Solayer – Making SOL Work Twice
I’m looking at @Solayer , a new restaking protocol built for Solana. The idea’s simple: you already earn yield when you stake SOL or hold LSTs like mSOL, JitoSOL, bSOL. With Solayer, you can restake those same tokens to secure extra services (bridges, oracles, automation tools, etc.) and get paid again.
That means stacked rewards — your base staking yield plus whatever the AVSs (Actively Validated Services) give you.
Why it matters
Solana moves fast, but middleware like bridges or oracles usually rely on small committees or trust assumptions.
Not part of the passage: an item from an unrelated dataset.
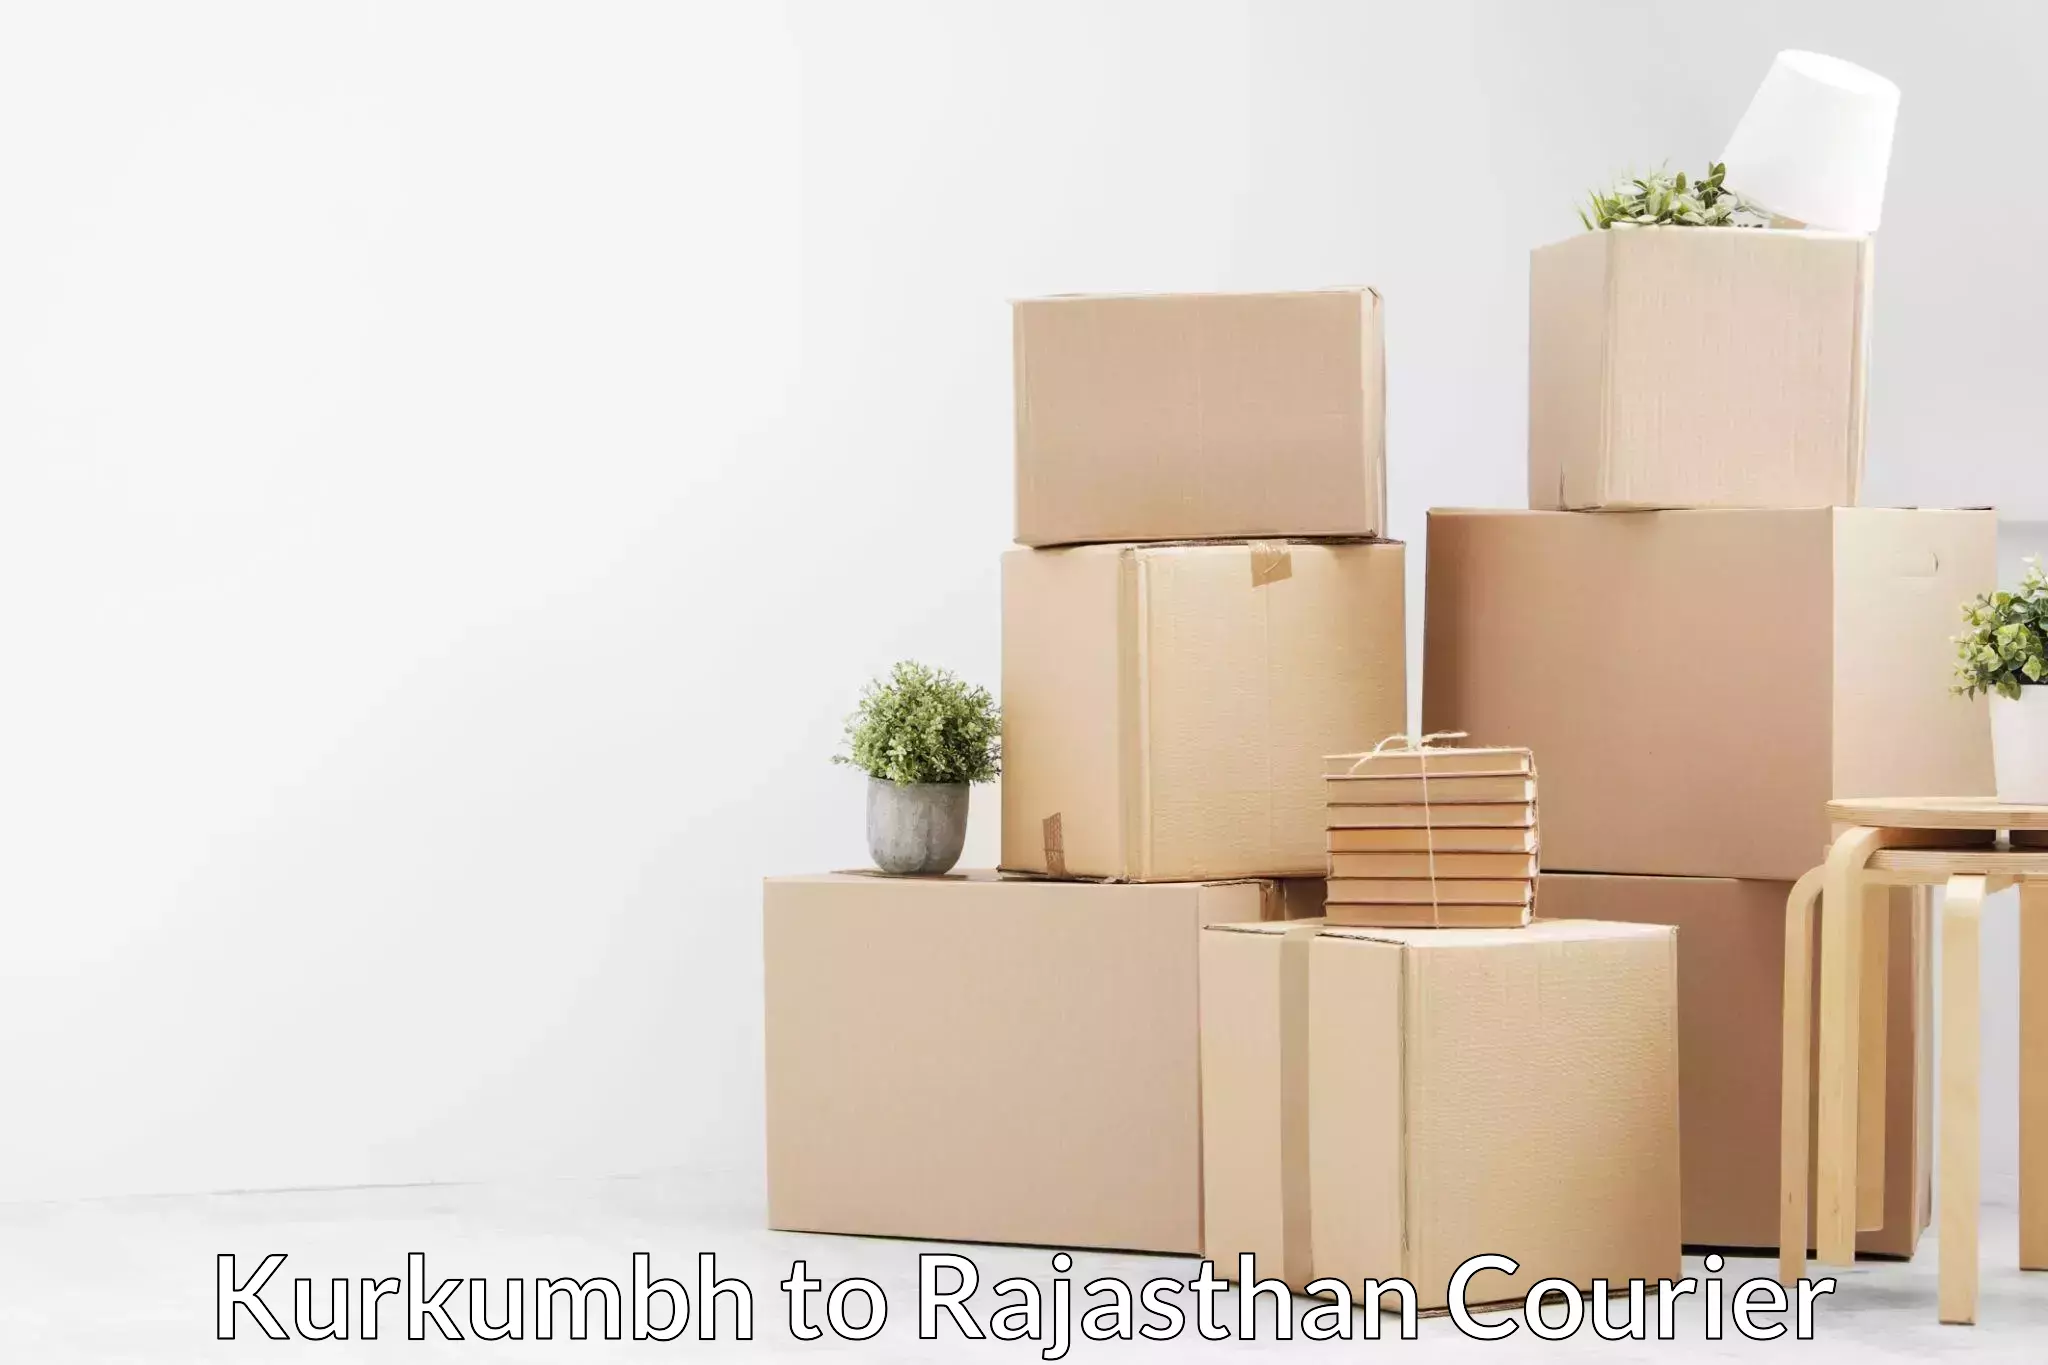 Professional movers Kurkumbh to Piparcity

Restaking fixes that by letting those services borrow security from the huge pool of staked SOL. Safer for the network, better yields for stakers.
How it works
I put in SOL or an LST.
Pick which services (AVSs) I want to secure.
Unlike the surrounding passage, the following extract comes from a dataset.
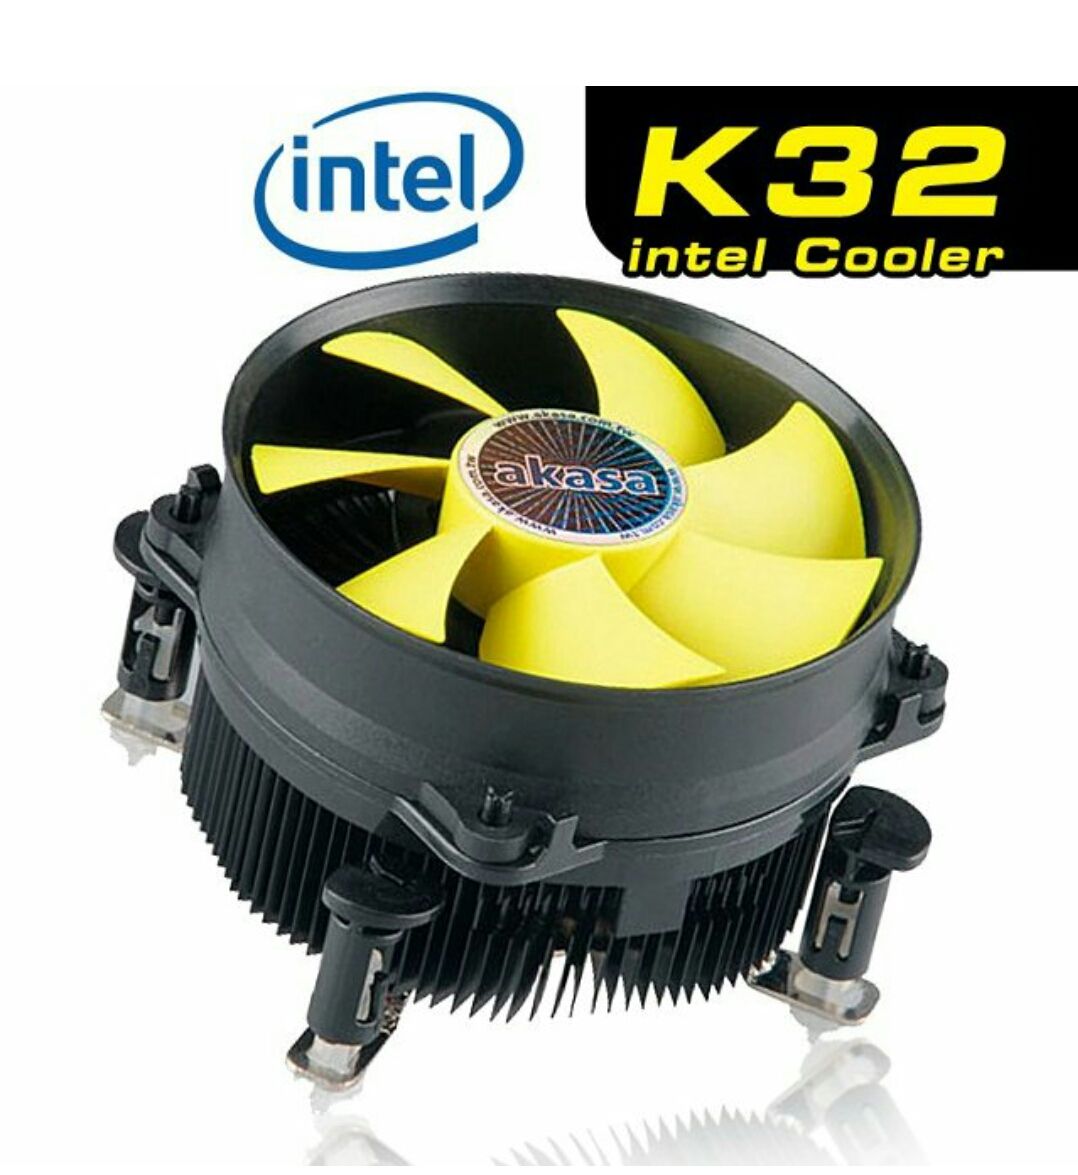 Xeon E5450 için 100 TL fan önerisi | Technopat Sosyal

Keep my base yield + earn extra rewards.
If I choose liquid restaking, I also get a token I can move around in DeFi.
What I like about it
Extra yield without new capital.
Liquidity stays open with LRTs.
Choice to rebalance if rewards shift.
Bigger vision
The team isn’t just stopping at restaking. They’re building InfiniSVM, a high-performance Solana VM aiming at 1M+ TPS. Instead of fragmenting the chain, they’re pushing hardware (FPGAs, SmartNICs) to scale throughput while keeping everything composable.
It’s ambitious, but if they pull it off, it could keep Solana way ahead on raw performance.
Things to watch
Restaking brings slashing risk if an AVS messes up.
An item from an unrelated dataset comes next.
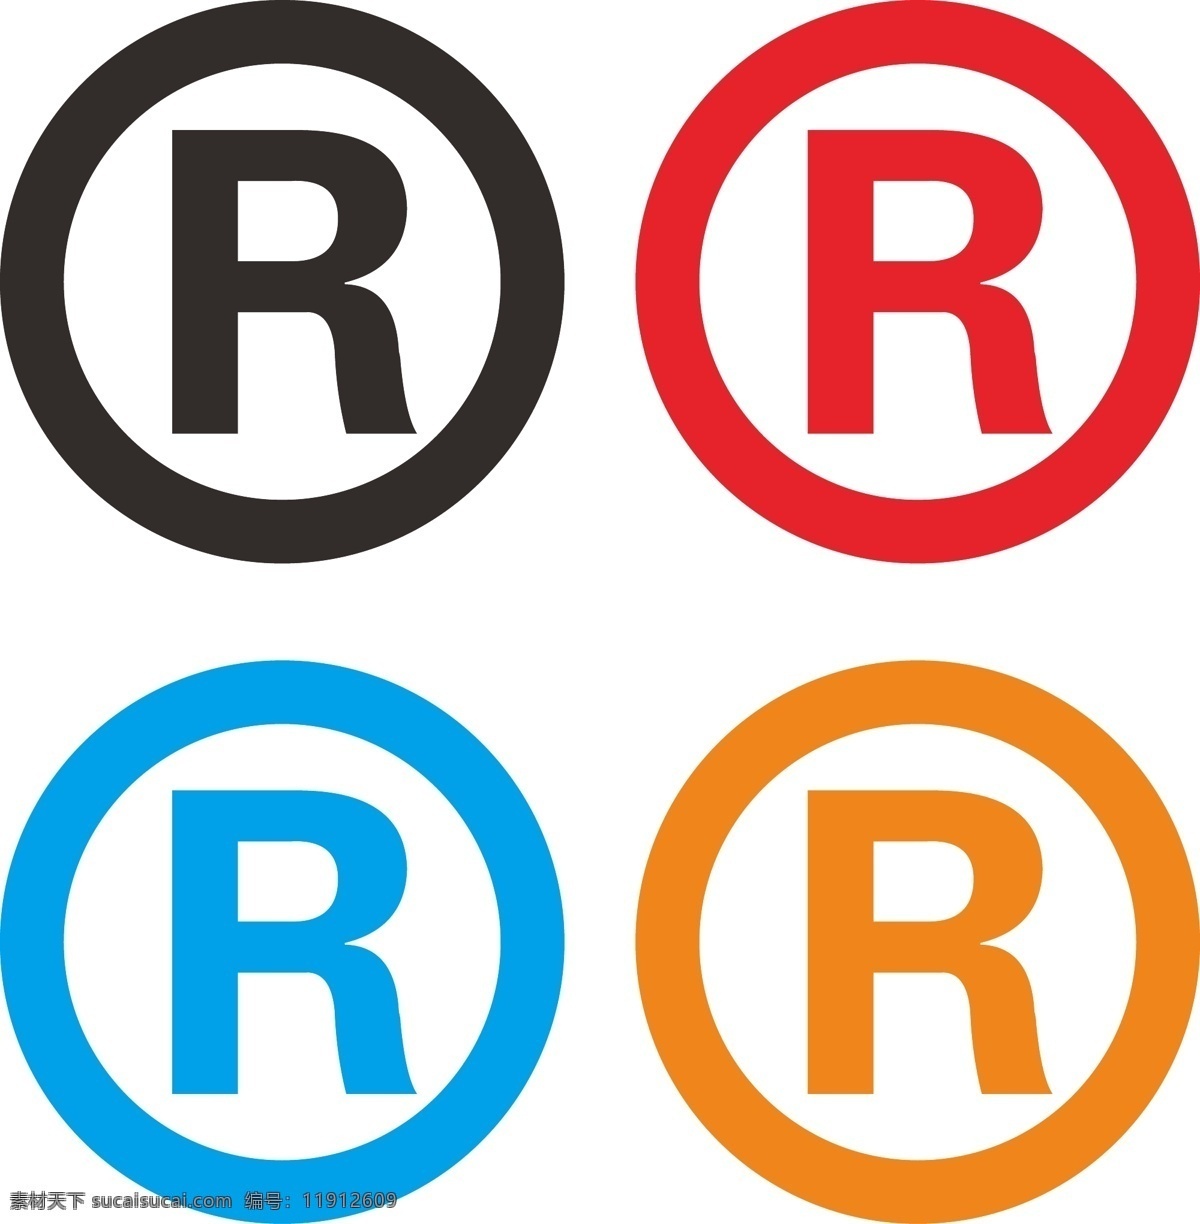 r注册商标 注册商标 r 圈r 注册r 标志r 标志 cdr小技巧 标志图标 公共标识标志

Rewards aren’t fixed, they shift with demand.
Smart contracts always add another layer of risk.
Bottom line
Solayer gives me a way to make SOL work harder: stake once, restake again, and earn more while helping secure the ecosystem. The restaking side is live and usable, while the InfiniSVM vision shows how far they’re thinking ahead.
If I’m already staking SOL, restaking through Solayer feels like the natural next step.